REQUIRED WORK:
Copy each line, word for word, from the one with "Oval Fingerprint Ring" through the final line of the listing, but skip the pictures.

GIVEN MATERIAL:
------------------------------------------------

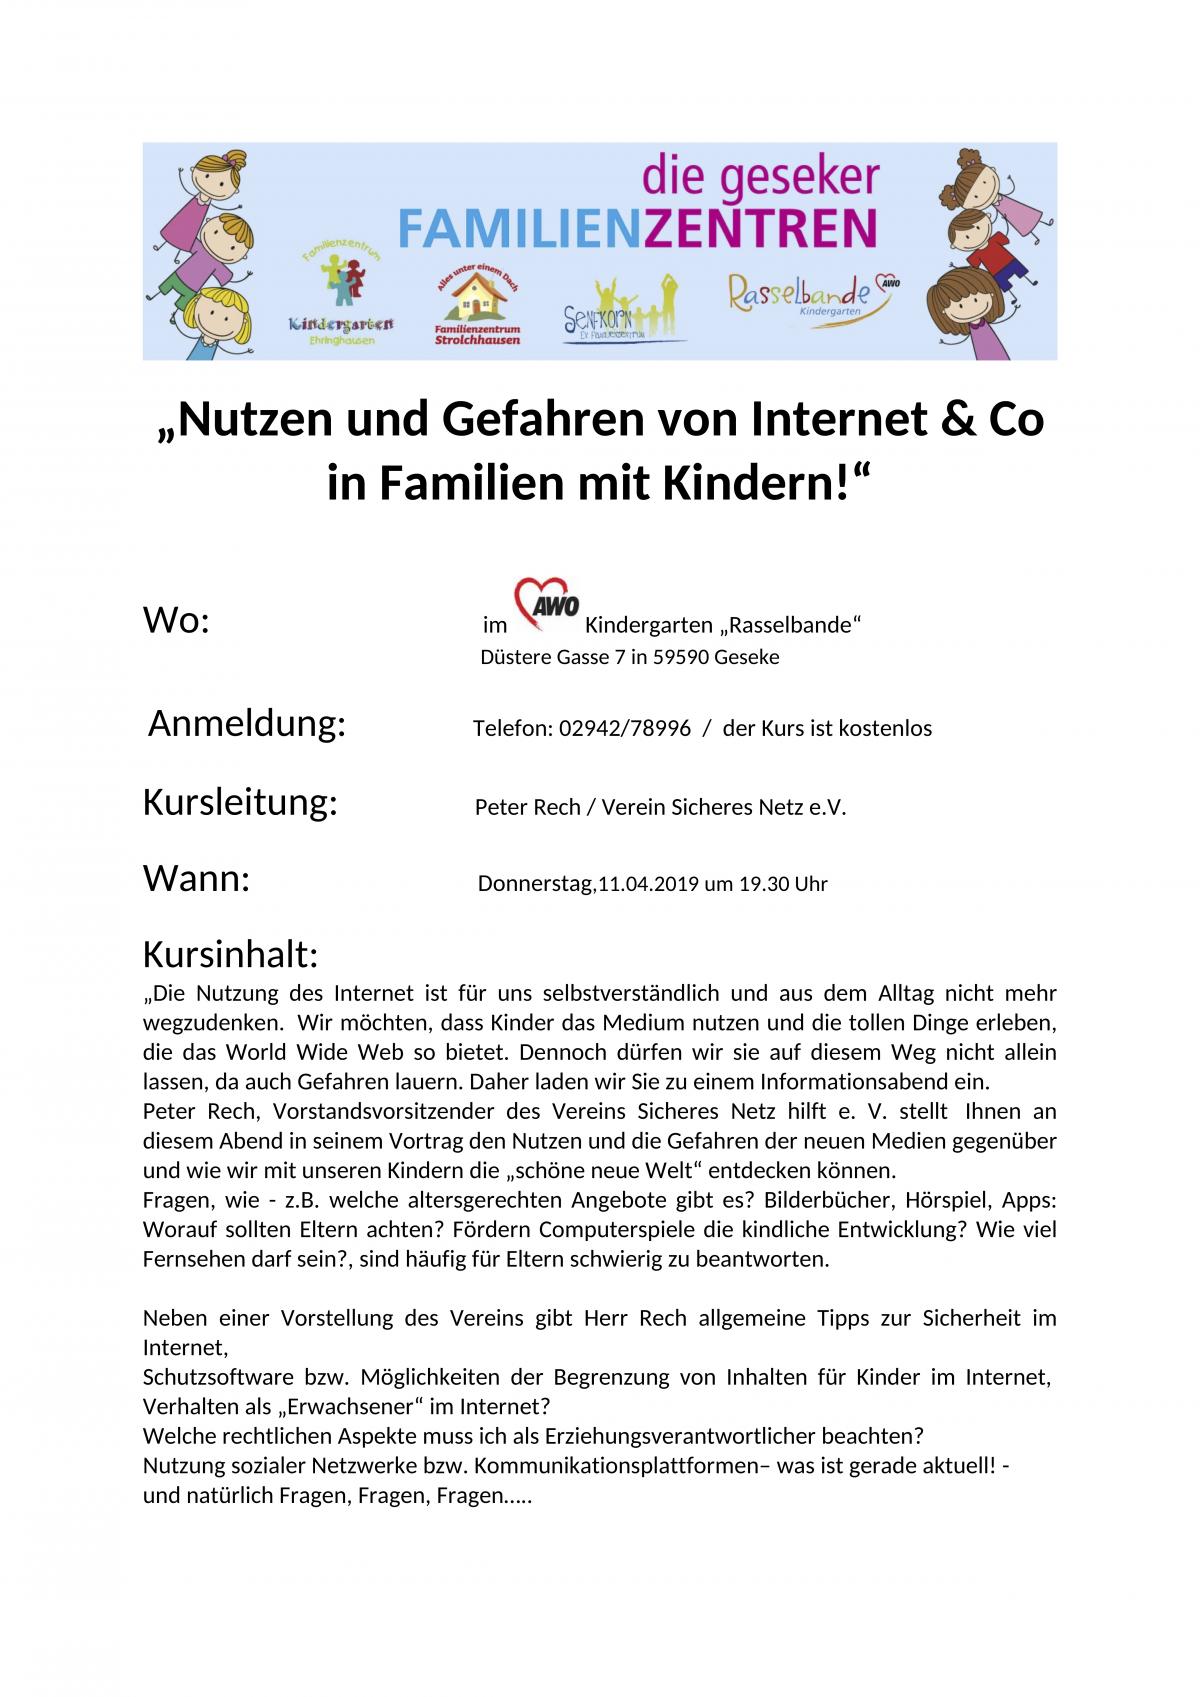 „Nutzen und Gefahren von Internet & Co in Familien mit Kindern!“
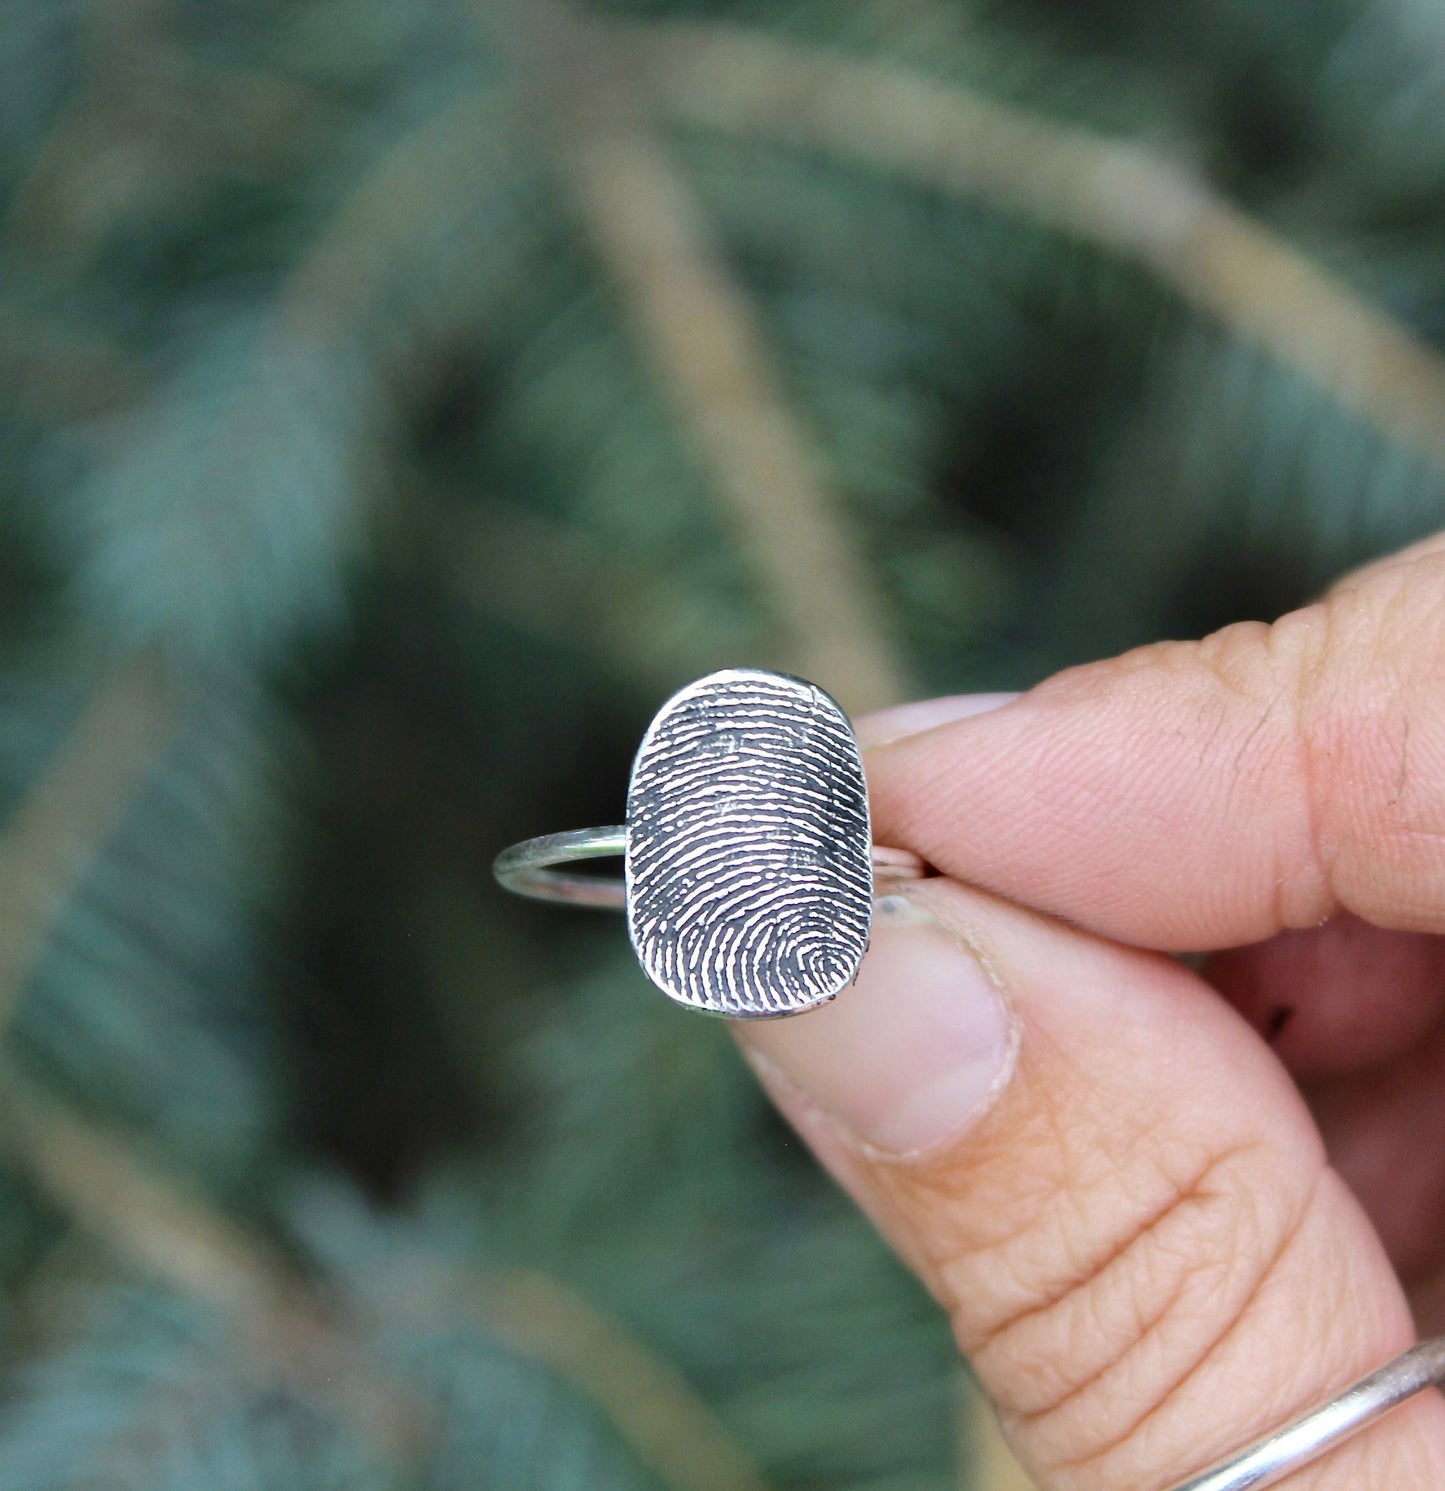 Oval Fingerprint Ring
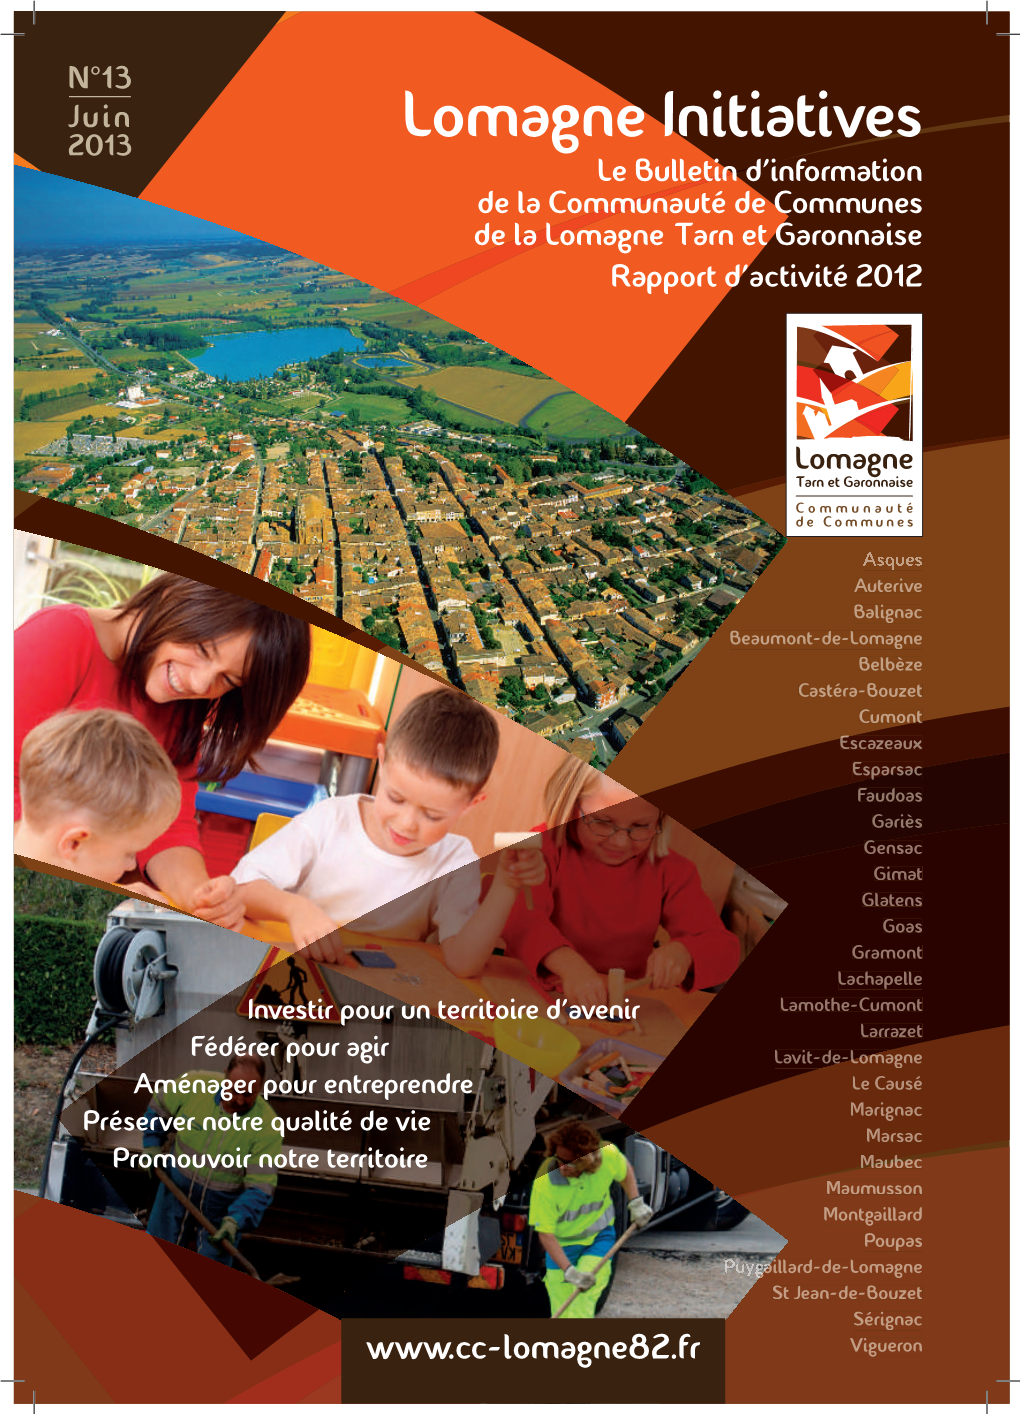 2013 Lomagne Initiatives Le Bulletin D’Information De La Communauté De Communes De La Lomagne Tarn Et Garonnaise Rapport D’Activité 2012
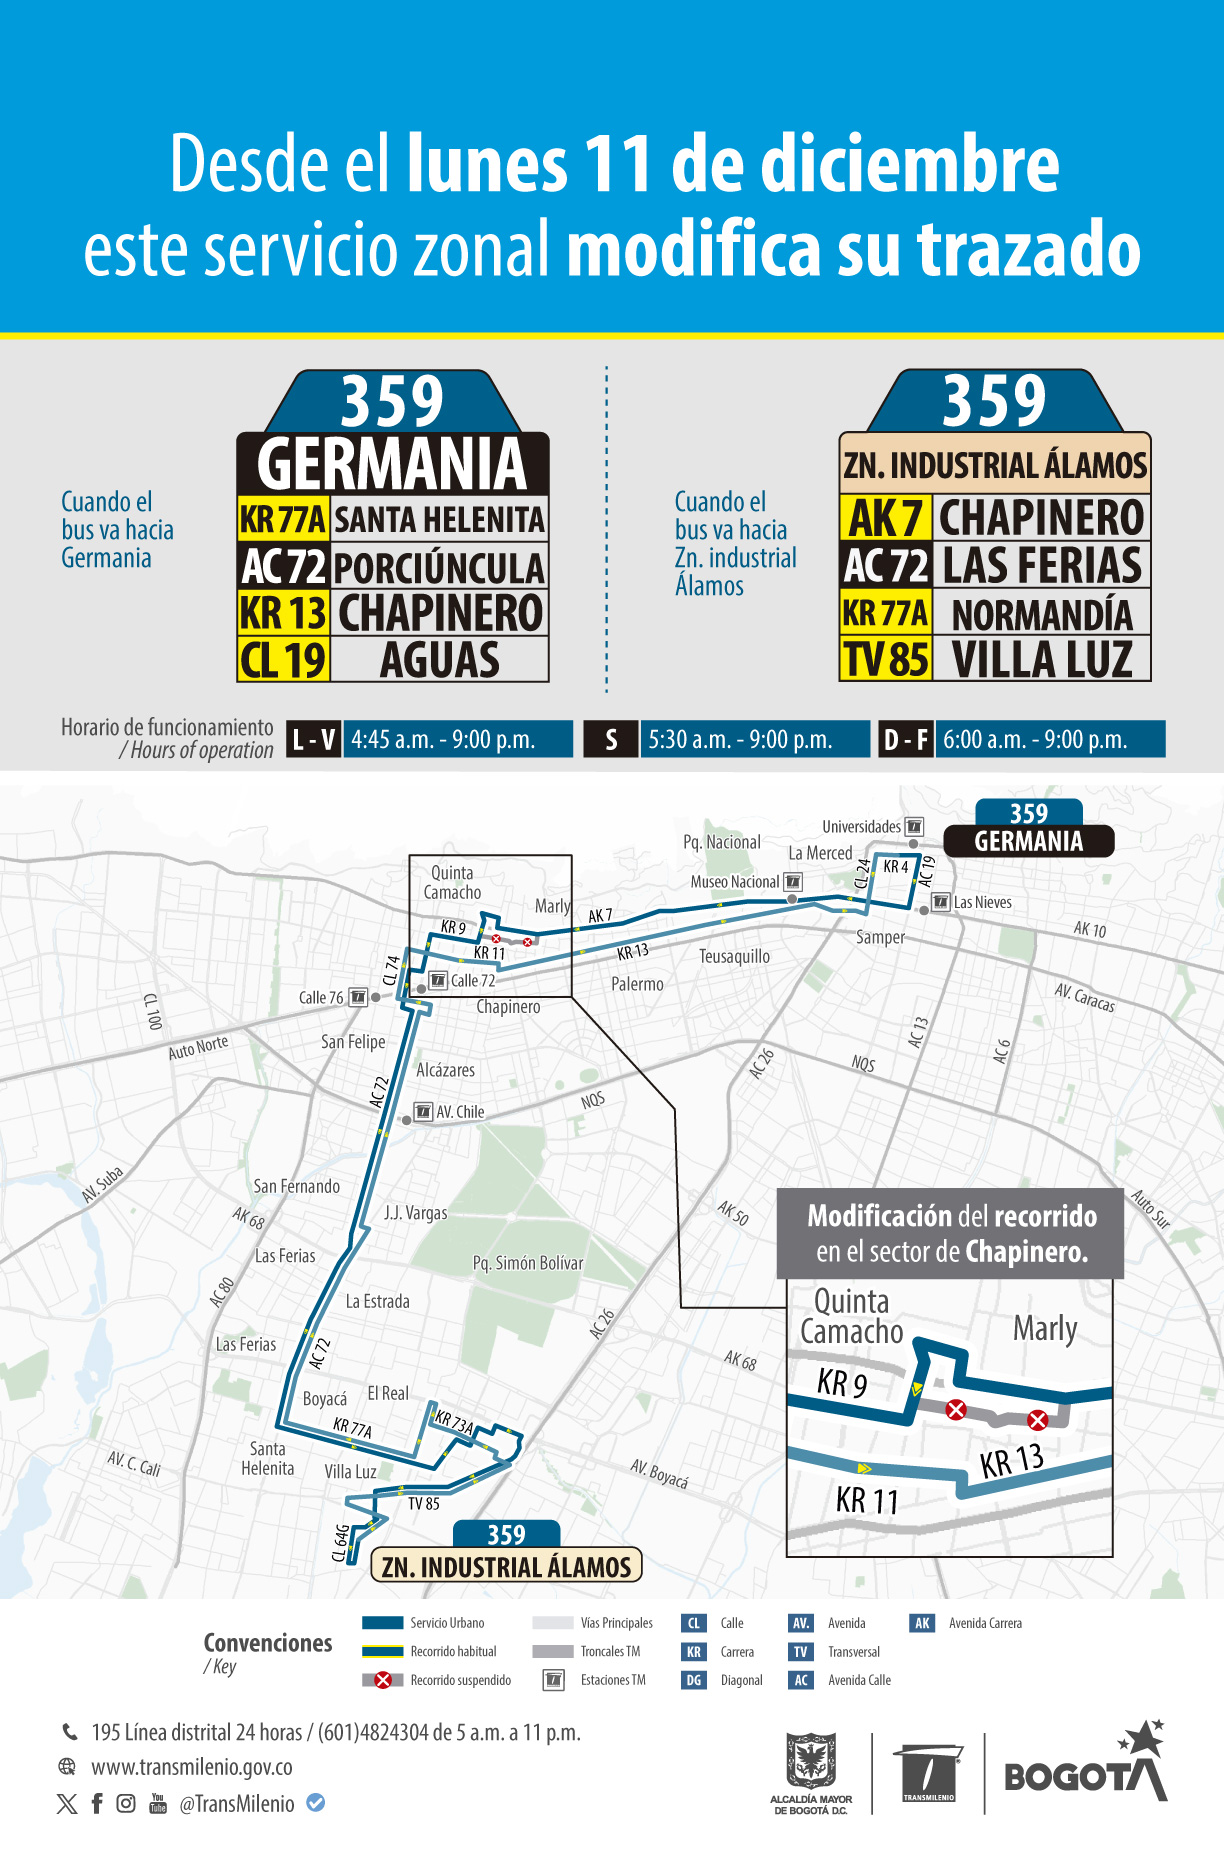 Ruta zonal 359 Germania - 359 Zona Industrial Álamos modifica su operación

------------------------------------------------

COMPLETED TASK:
 Oval Fingerprint Ring
 2013 Lomagne Initiatives Le Bulletin D’Information De La Communauté De Communes De La Lomagne Tarn Et Garonnaise Rapport D’Activité 2012
 Ruta zonal 359 Germania - 359 Zona Industrial Álamos modifica su operación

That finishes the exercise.